The program will aggregate the post's descendants in reverse chronological order and make them available in the template via the [Descendants](https://pkg.go.dev/git.garrido.io/gabriel/mastodon-markdown-archive/client#Post.Descendants) method. This can be used in [templates](#templating) to render threaded posts as a single post, which the [default template does](./files/templates/post.tmpl#L33).
When threading, the `AllMedia` and `AllTags` methods will yield the aggregated [MediaAttachment](https://pkg.go.dev/git.garrido.io/gabriel/mastodon-markdown-archive/client#MediaAttachment) and [Tag](https://pkg.go.dev/git.garrido.io/gabriel/mastodon-markdown-archive/client#Tag), respectively.

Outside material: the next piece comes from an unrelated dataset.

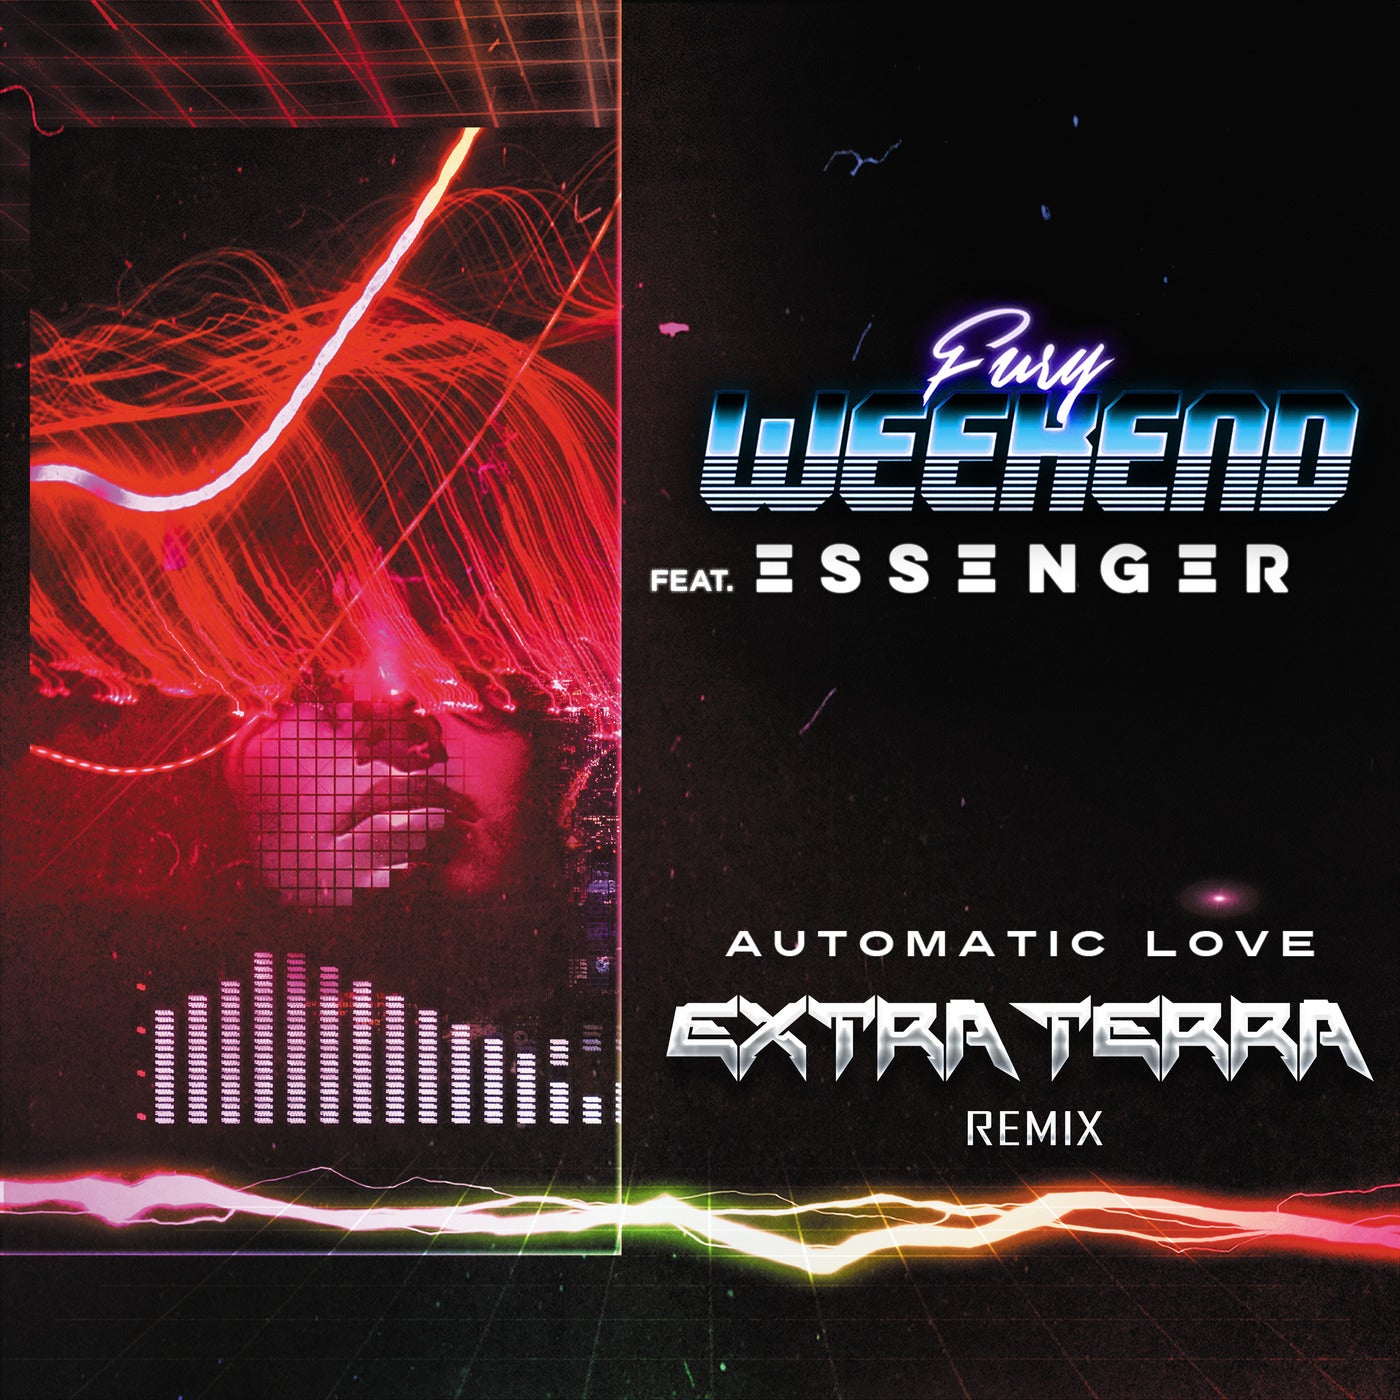 Automatic Love - Extra Terra Remix

When the `--visibility` flag is used, only the top post's visibility is evaluated. This is done explicitly to support the common practice in Mastodon of setting threaded replies as `unlisted`.
### Orphaned posts
Mastodon limits their statuses API to a maximum 40 posts at a time, and the `--limit` flag can be used to limit this further.
Because of this limit, it is possible that posts in a thread end up split across different responses. Or, a user may maintain a long-lived thread of posts that gets updated sporadically and thus rarely will a single batch of posts have all the descendants of the post.
An orphaned post is a post whose parent is not within a batch of posts returned by a single API call.
In either case, the program will fallback to using the [status context](https://docs.joinmastodon.org/methods/statuses/#context) endpoint to rebuild the corresponding thread from the top.
## Templating
The contents of the file and the filename for each post can be customized using templates. This provides enough flexibility to use this tool for various purposes. The templates are evaluated as Go [text templates](https://pkg.go.dev/text/template), so it should be possible to do anything that's normally supported in a Go template.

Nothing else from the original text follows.